The clock is ticking on the discovery of a vaccine for the novel coronavirus (Covid-19), with nearly four million infections and nearly three lakh deaths as of early May. Realizing this, both private and public sector initiatives are taking place around the world to try to identify and a viable vaccine in record time.
In fact, the development of candidates for coronavirus vaccines is progressing faster than that for any other pathogen in history. The World Health Organization (WHO) has stated that there are already several clinical trials underway and more than 50 candidates in clinical evaluation.
That said, the most optimistic forecasts suggest a viable vaccine shall only be ready after twelve months, although 18-24 months appears a more realistic consensus. At the same time, there is an imminent concern that has not caught as much attention but will begin to take centre-stage (once a vaccine has been discovered): who will get access to it and when?

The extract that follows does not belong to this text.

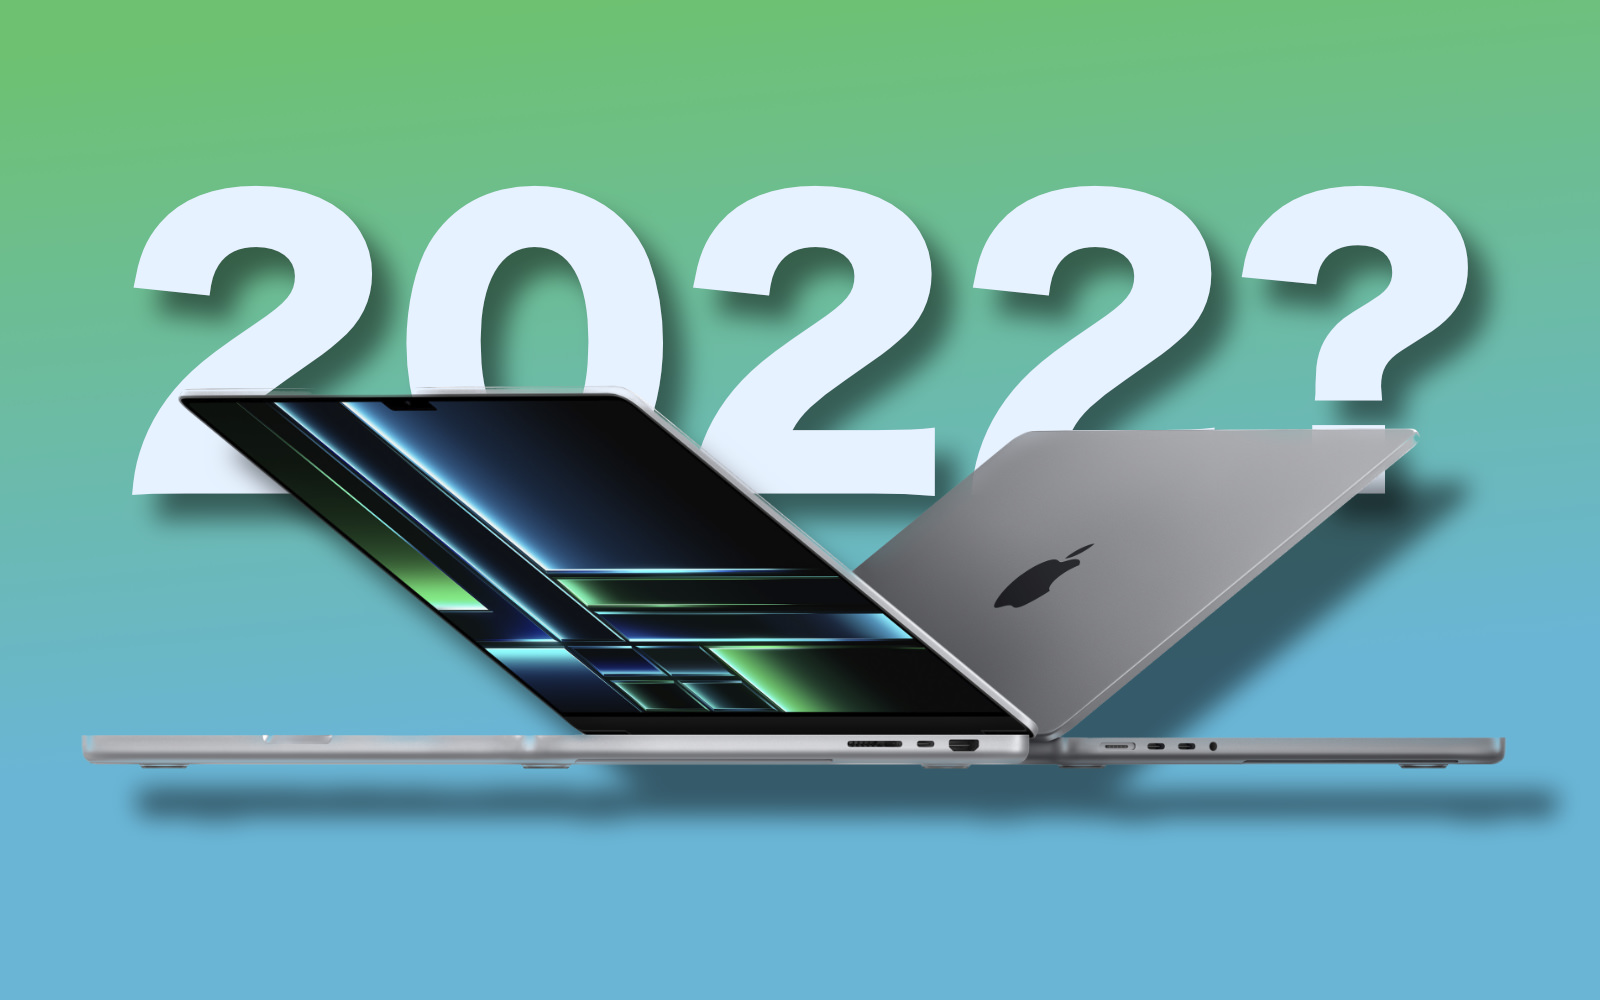 Mbp2023 originally planned for 2022 2

After discovery, countries and companies may scramble to protect their interests and let their actions reflect the rampant economic inequalities that persist in the world today. This is because, as of yet, there are no international rules for sharing any possible vaccine in an equitable way, and more precisely, drugs research and development is usually driven by market forces. In fact, private pharma players have, on occasion, schemed to keep vaccine and drug supplies artificially low to get higher market prices, not to mention the fact that certain treatments are often never developed because there isn’t a “commercial incentive” behind them.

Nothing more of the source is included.